Je désirais savoir ce qu'il me fallait faire ensuite afin de récupérer les données ou à quel endroit puis je chopper une doc.

Ai je nécéssairement besoin d'un mac ou puis je le faire directement vers un PC. 


Merci par avance


----------



## supermoquette (24 Novembre 2007)

Démontage :

http://www.macbook-fr.com/powerbook/demontage/rubrique7.html

Ensuite il te faut soit un boitier ata 2.5 pouces usb/firewire pour y mettre ton disque ou un adaptateur.

Depuis un PC tu peux le lire avec ça.


----------



## PA5CAL (24 Novembre 2007)

Bonjour et bienvenue sur MacGé' 


"Euthanasié" ? Dommage. Parce que quitte à démonter ton PB, tu aurais pu tenter de le réparer toi-même.

Ce n'est pas compliqué d'apprendre à utiliser un fer à souder, et une prise neuve ne coûte pas cher.

Quant au type de réparation à faire, il suffit de bien regarder ce qui existe pour reproduire la même chose, électriquement parlant.


----------



## supermoquette (24 Novembre 2007)

Tu veux dire comme ça ?


----------



## PA5CAL (24 Novembre 2007)

supermoquette a dit:


> Tu veux dire comme ça ?


 

Et en plus on n'a pas besoin d'une station de soudage thermostatée. Un bête fer avec une panne pas trop grosse peut faire l'affaire.





(modèle à 8 euros)


----------



## broots77 (24 Novembre 2007)

ben, l'idée c'est que j'ai vu le plan de montage /demontage. Je serai le faire le problème est de récupérer une pièce DC-In or je vois pas comment le faire. D'après le devis la pièce suivante est voilé ce dont je suis assez vu la robustesse de telles pièces.

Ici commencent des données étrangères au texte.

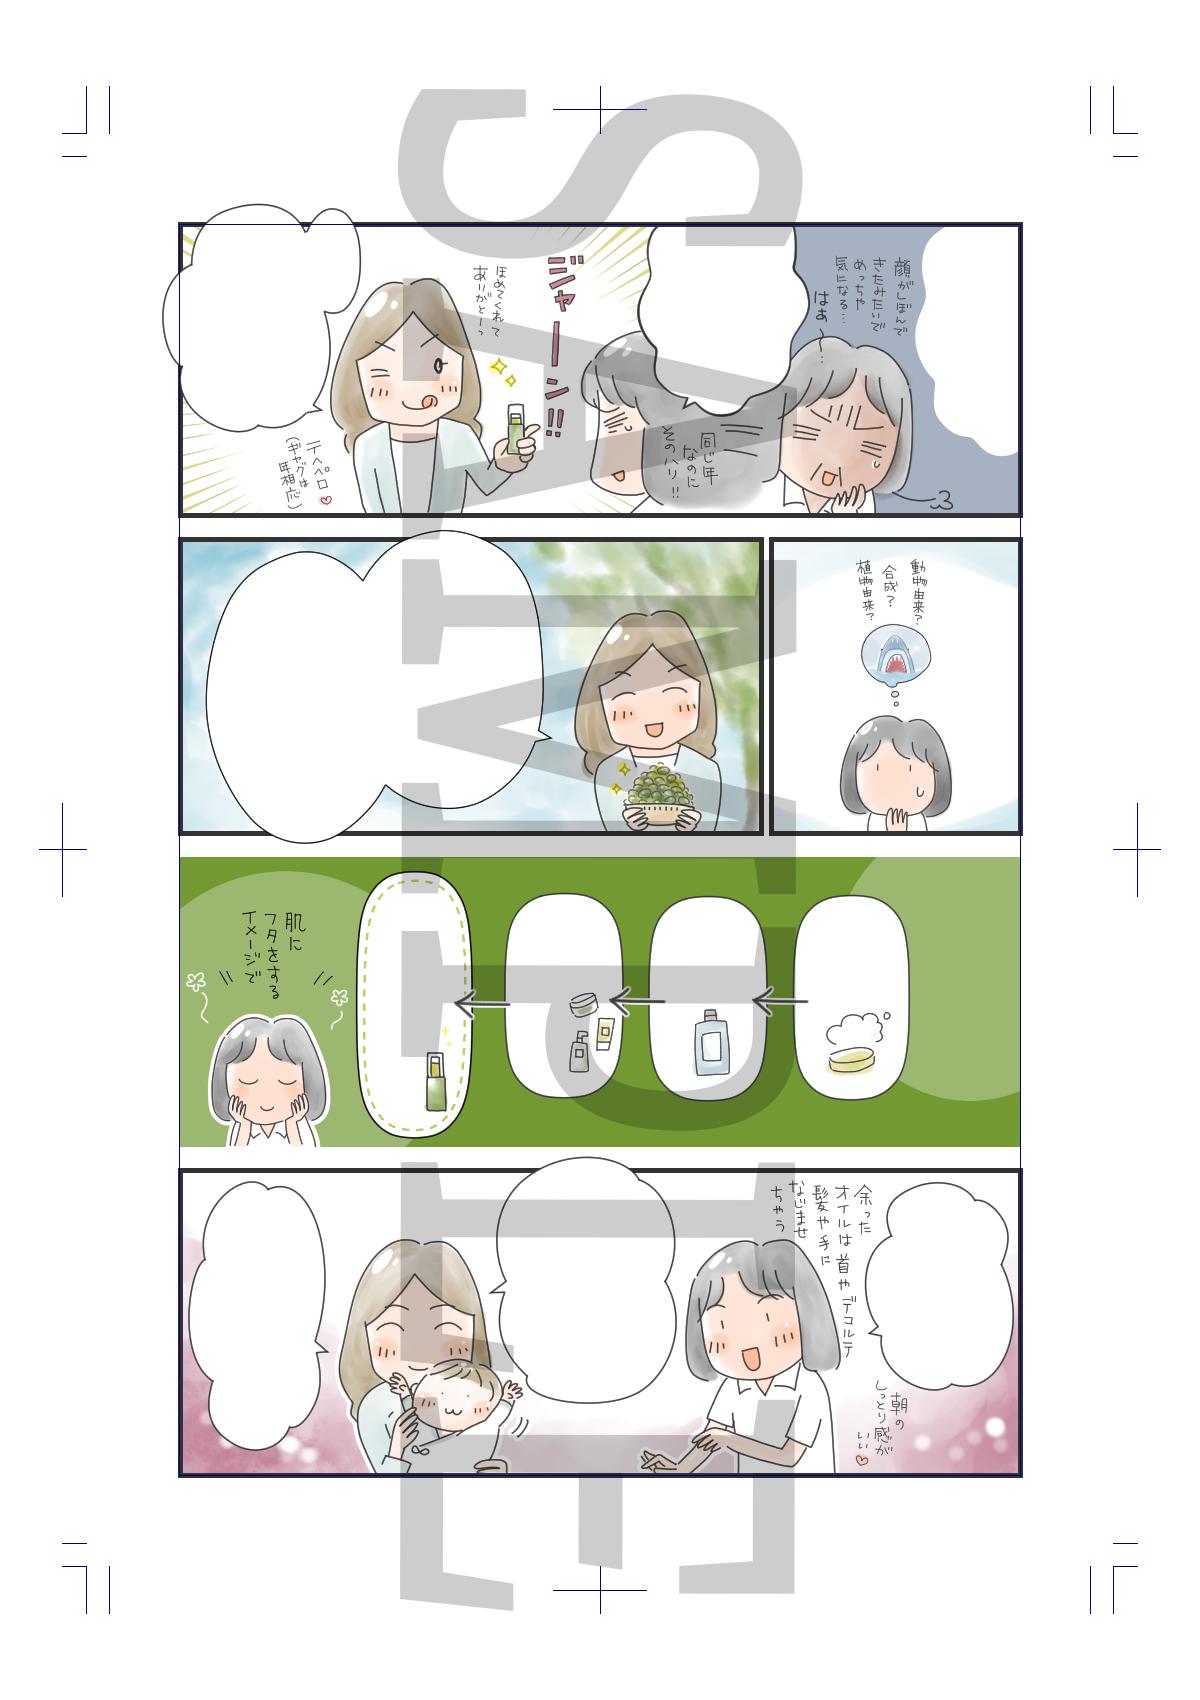 新鮮、ナチュラル。日本オリーブの基礎化粧品 公式オンラインショップ【日本オリーブ株式会社 Nippon Olive Co.,Ltd.】様 / 1ページ漫画制作

Si quelqu'un sait ou je peux trouver une pièce DC-In, ça roule pour moi je le ramène à la vie avec le sang de Claire Bennett


----------



## supermoquette (24 Novembre 2007)

http://forums.macg.co/vbulletin/showthread.php?t=93198


----------



## PA5CAL (24 Novembre 2007)

Et puis si tu ne trouve pas, rien ne t'empêche de prendre un couple de prises (mâle + femelle) différents de celui qui est monté, mais avec au moins le même nombre de contacts... quitte à mettre une petite rallonge avec des fils courts si ça ne rentre pas exactement à l'endroit prévu dans le boîtier.


----------